(Items from a data source)
- - - - -

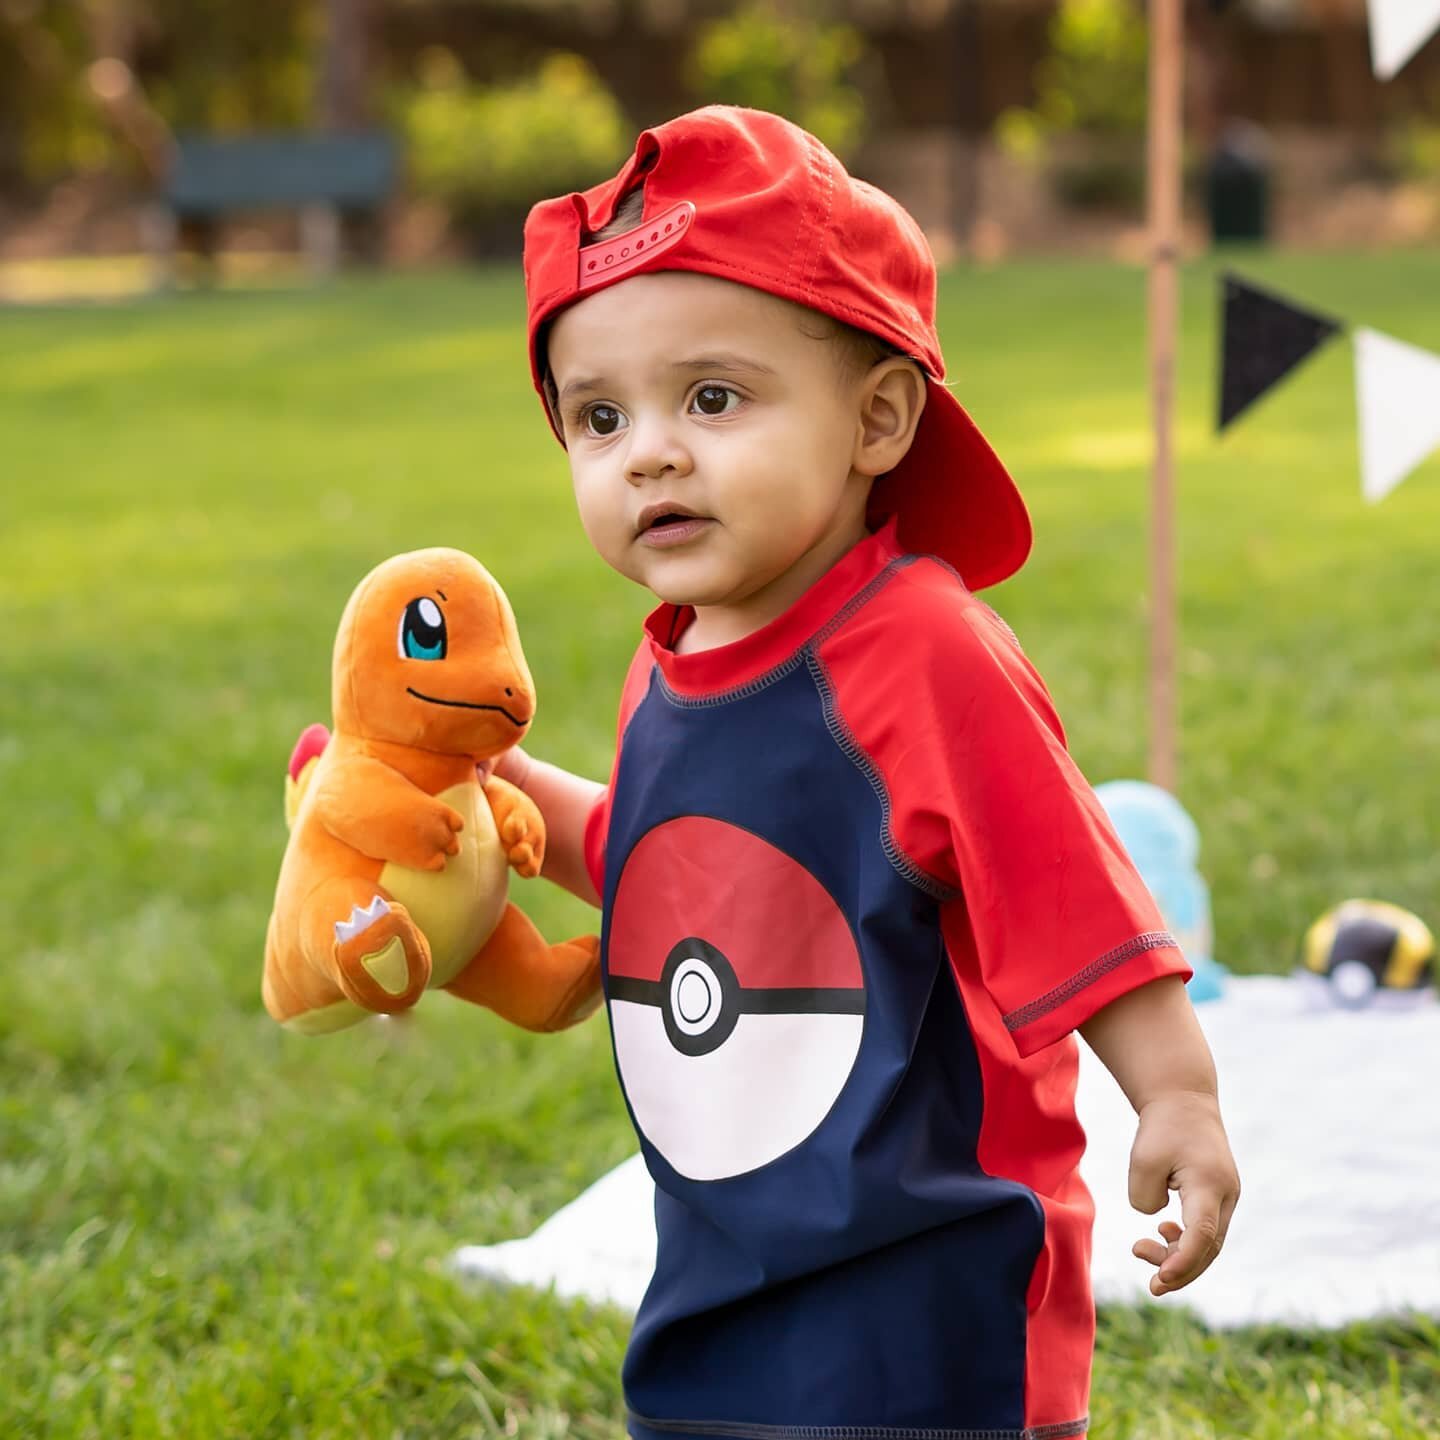 #charmander I choose YOU!
.
This little future @pokemon trainer just picked his starter Pokemon, and we were there to capture it! 
.
📸 @audiokitton
.
#sonyalpha #sonyphoto #sonya7sii #sonyalpha #sonyphotographer #childrensphotography #pokemon #pokem

- - - - -

Work to complete: Show all lines from the entries that hold "pokemon".

Task output:
This little future @pokemon trainer just picked his starter Pokemon, and we were there to capture it! 
#sonyalpha #sonyphoto #sonya7sii #sonyalpha #sonyphotographer #childrensphotography #pokemon #pokem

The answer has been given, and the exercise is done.